When I showed Story the name Farrar on the title page and explained her great-great-grandfather’s hand in publishing the book, she had an understandably confused response: “He wrote the book?” She was vaguely intrigued, but mainly she wanted to read.
Later, when my mom recounted the family history to her, Story was less patient: “Yeah, yeah, I heard about that.”
There’s a graveyard near my daughter’s school, and occasionally when we drive past, Story will ask if we can go see Granny A’s grave, or why she isn’t buried right here in Maine—a state I am not sure if she ever visited in her lifetime. (She was cremated, and her ashes aren’t really in any one place.) Her Granny A was the first person that Story knew who is now dead.
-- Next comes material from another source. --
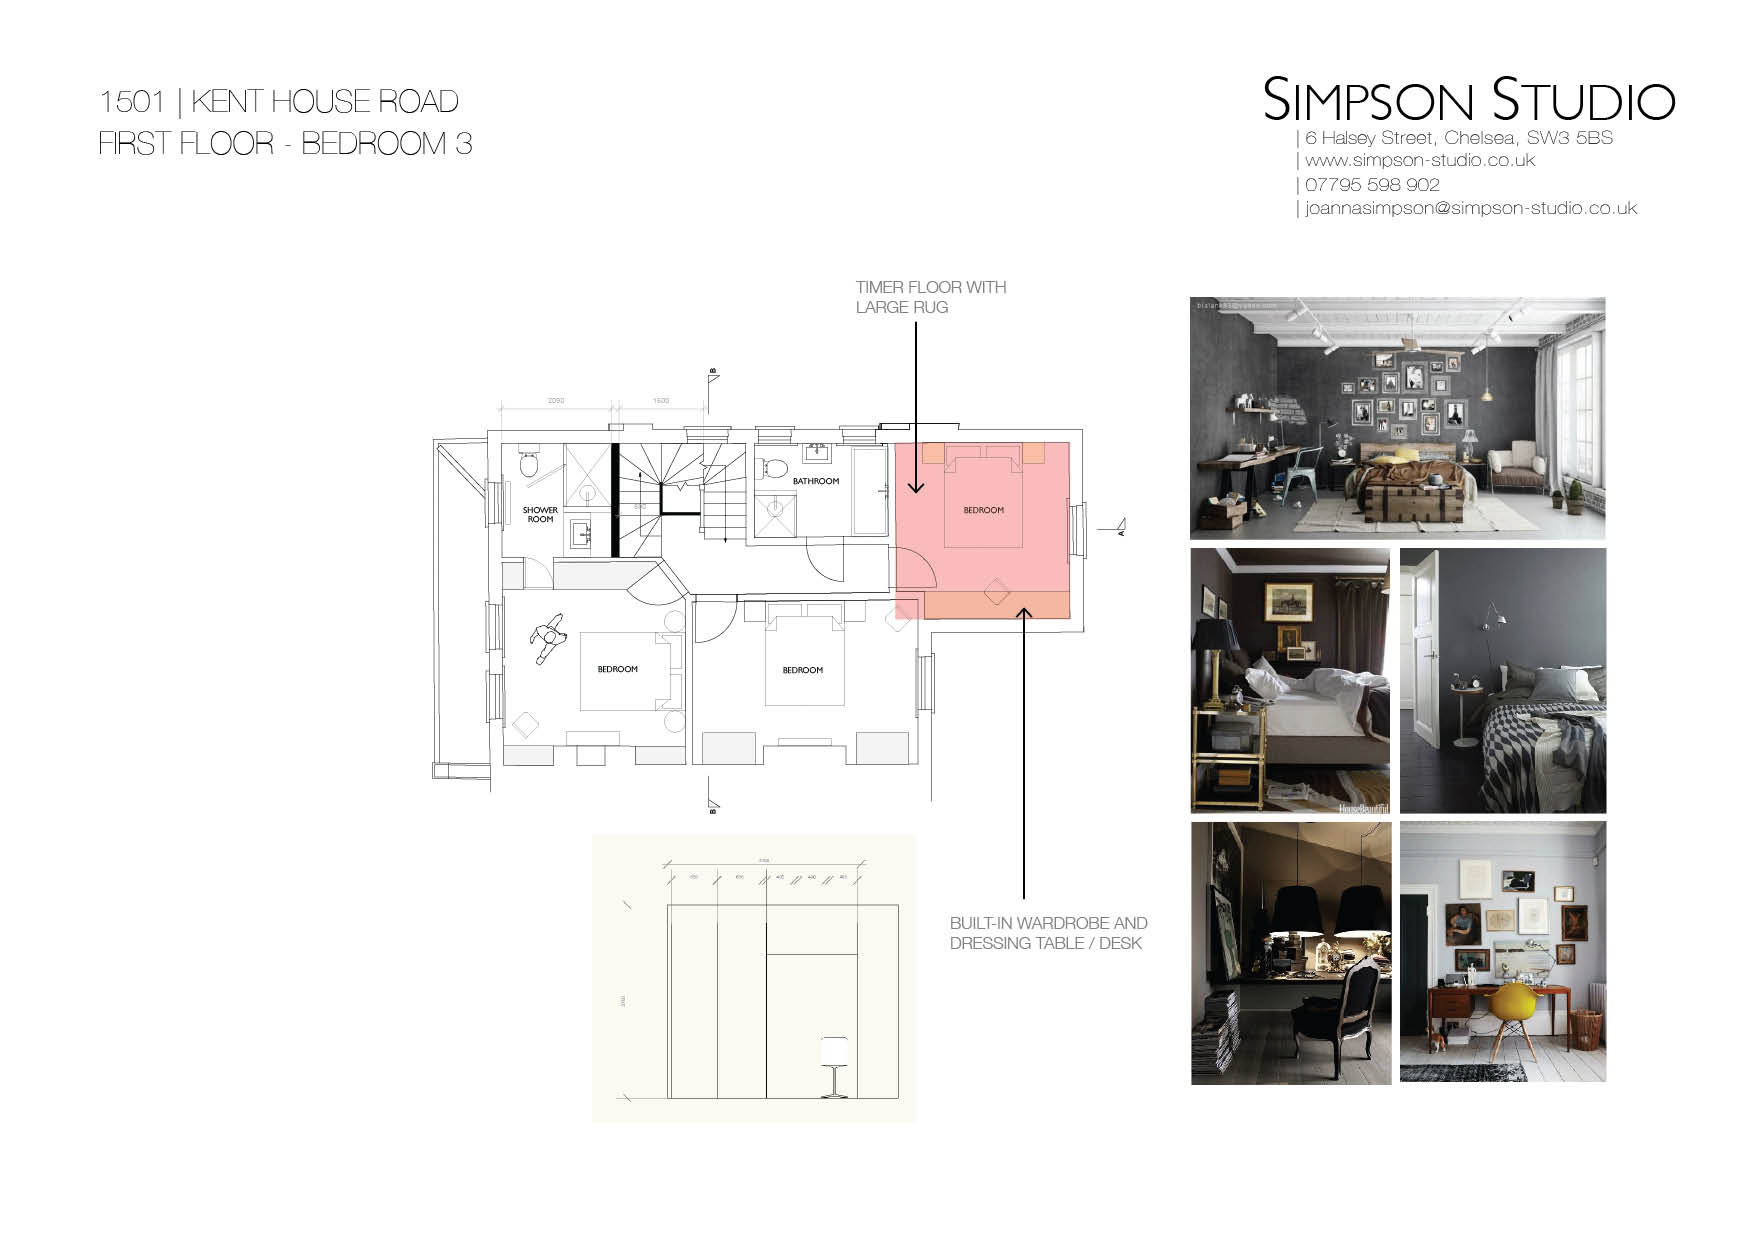 Kent House Road Room Planning27.jpg

Sometimes, she’s sad about Granny A not being here anymore, and other times she’s incredibly matter-of-fact, such as when she was counting all of the people in our family and, when she got to Granny A, said, “But she’s dead so she doesn’t count anymore.” Once, when my mom tried to convince her that Granny A was now an angel, Story turned to me and whispered, “I don’t believe in angels.” But occasionally she will still ask if we can call Granny A, insisting that, in death, she is now simply a skeleton with a cell phone.
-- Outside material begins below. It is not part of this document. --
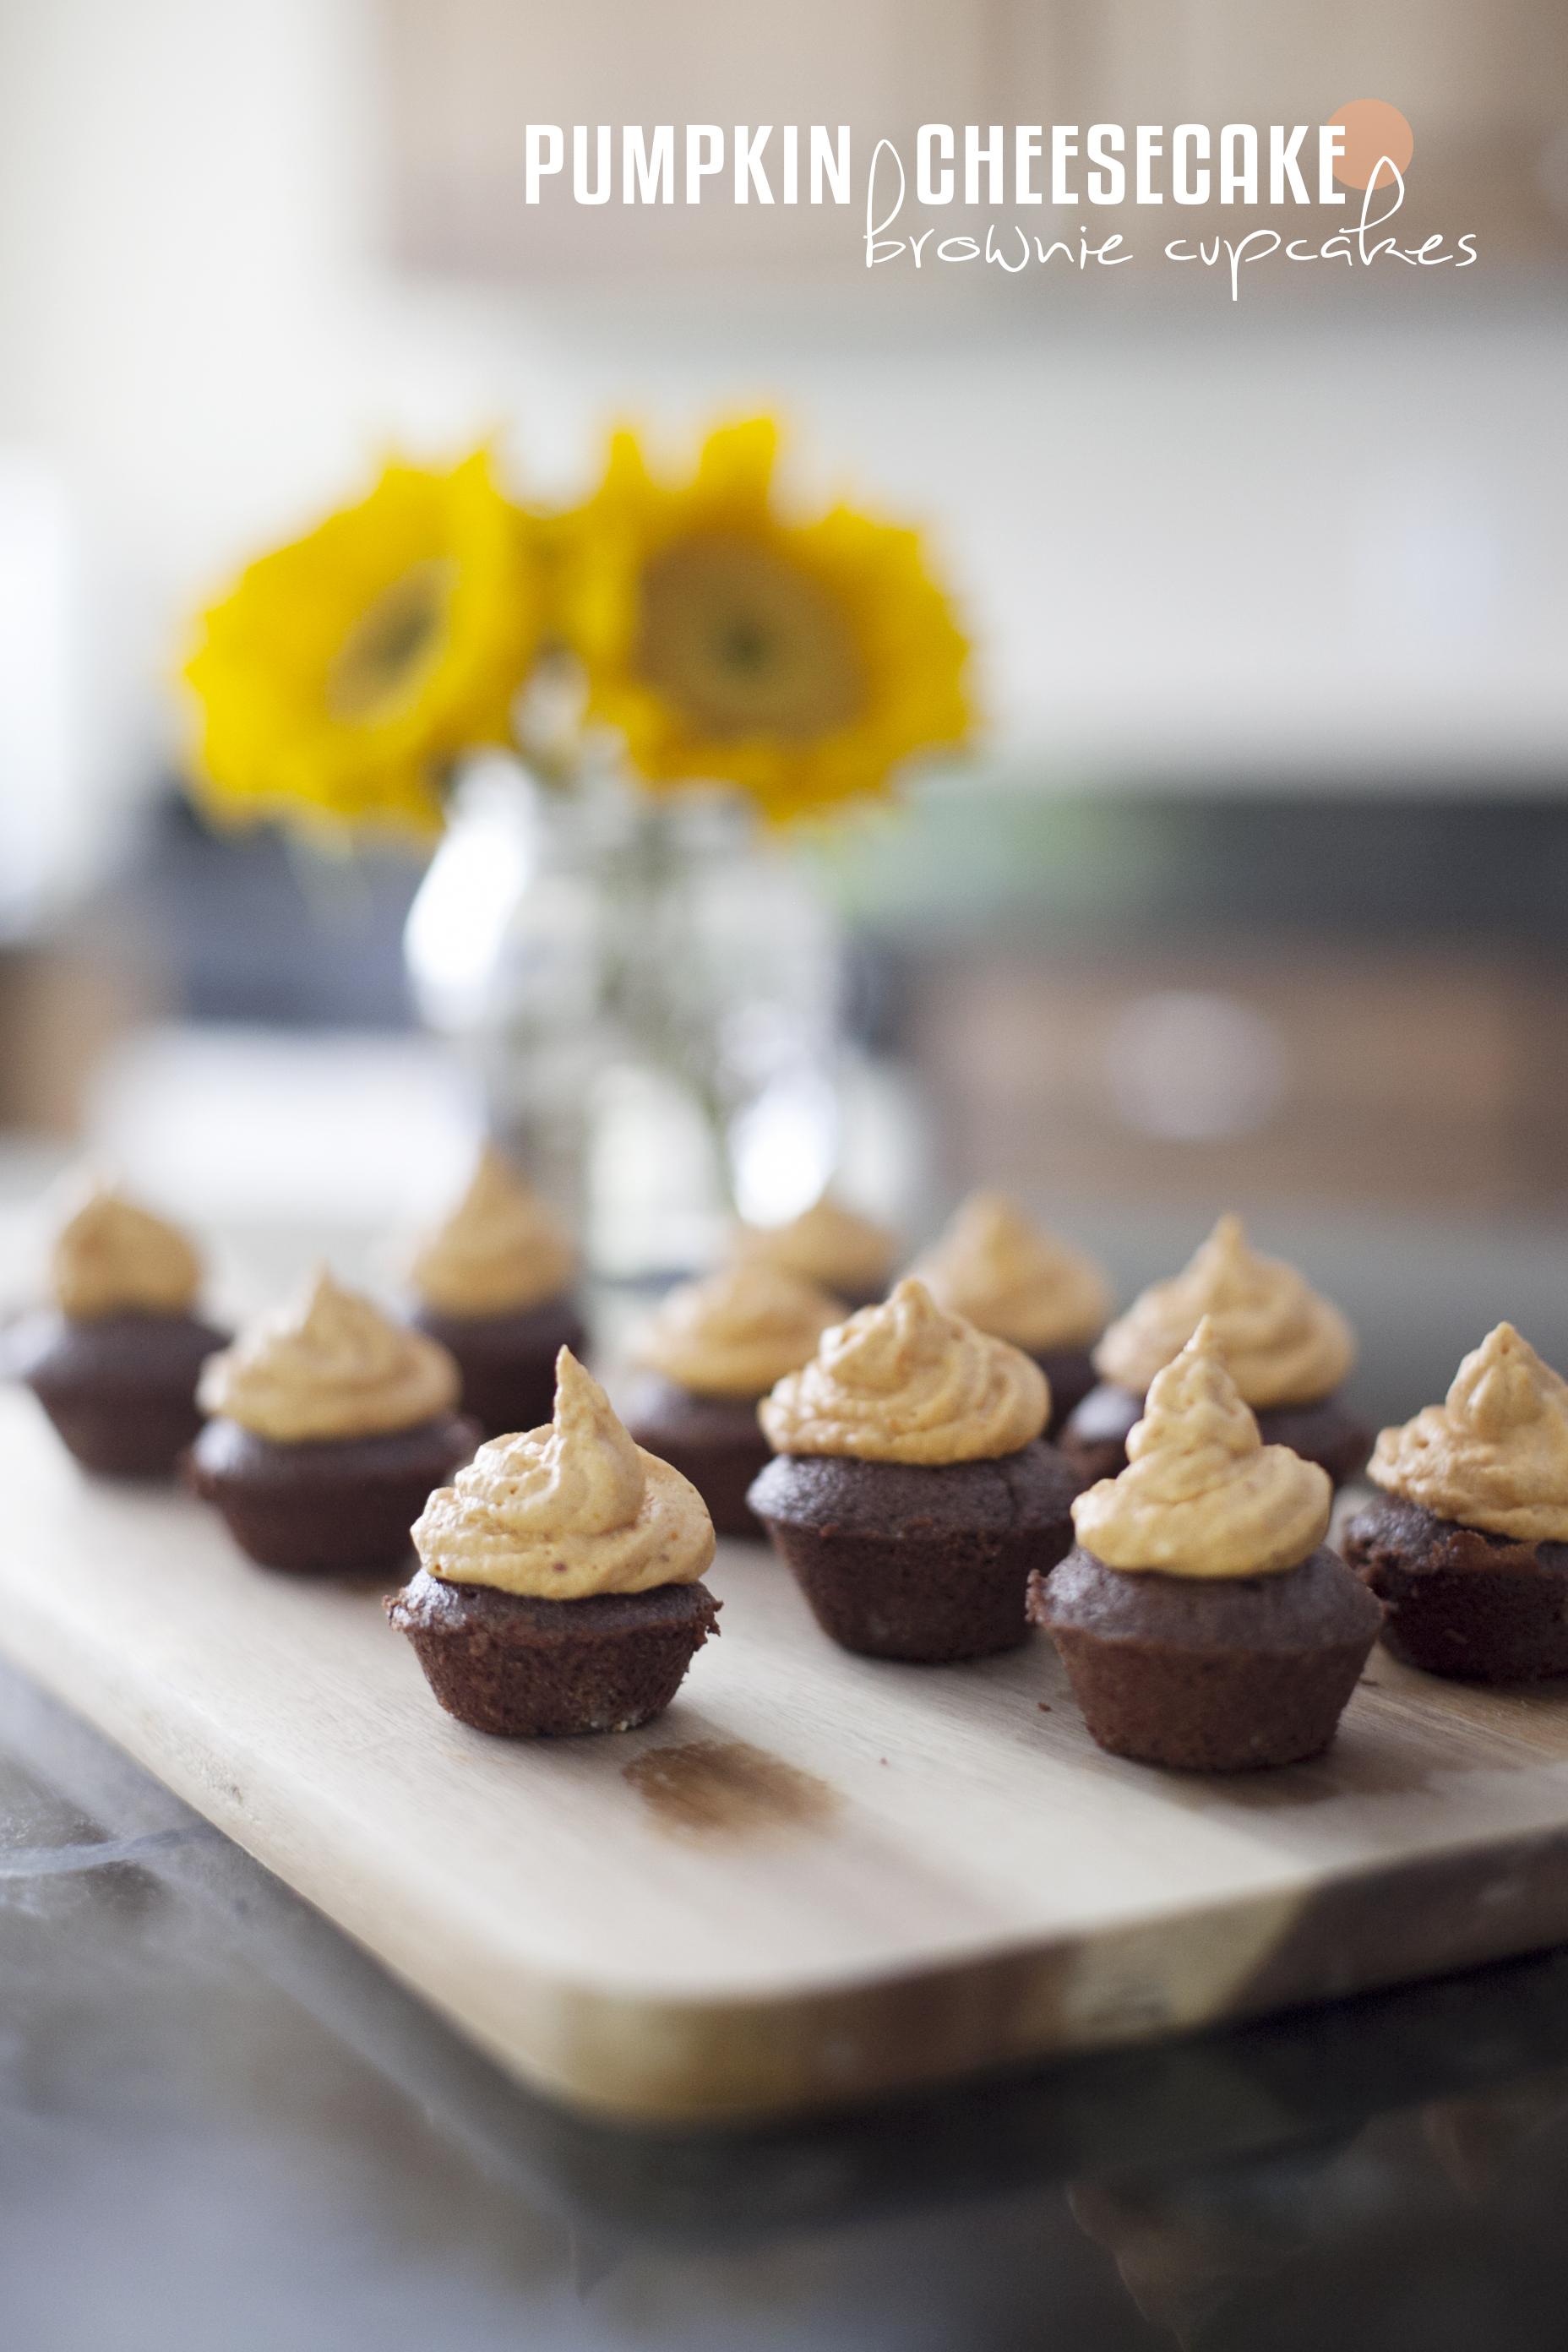 pumpkin cheesecake brownie cupcakes

My grandmother sometimes haunts me in small, modern ways: Her emails from years ago about mundane things—typos in my stories, the comings and goings of family, discussions of movies—pop up when I search my inbox. There are times when I long to be able to talk to her on the phone, as I did during the hour-long commute I had for years in LA. I felt it acutely the morning Story came into our room and woke me up by saying, “I want to read more A Wrinkle in Time.”
I couldn’t call Granny A, of course, but reading the book made me feel as close to her as I have since she passed. In the book, long before Meg and Calvin and Charles Wallace and Mr. Wallace tesser back into the twins’ broccoli patch, mere minutes after they left earth, Mrs. Who explains that you can tesser through time as well as space. Crossing the universe IRL may be a tall order, but the deceptively simple act of reading can function like a time tesser, pulling you back to the people who first read a book to you, whom you bonded with over it—even to the person who pulled it out of the slush pile. Just as touching the fore edge of that dictionary was a way for Granny A to touch her mother’s hand decades after her death, reading these words to Story—words that are wrapped up in our family and in our friendship and in the love of books that Granny A influenced when I was young and that we shared when I was grown—feels like a way of wrinkling back through time to be with her again.
As I was reading to Story that morning and found my voice catching, I realized that, like her mom’s dictionary, the book is itself a means of being with Granny A, of pulling two points on the line of time toward each other—one before her death, one after—and creating a wrinkle where they briefly touch one another.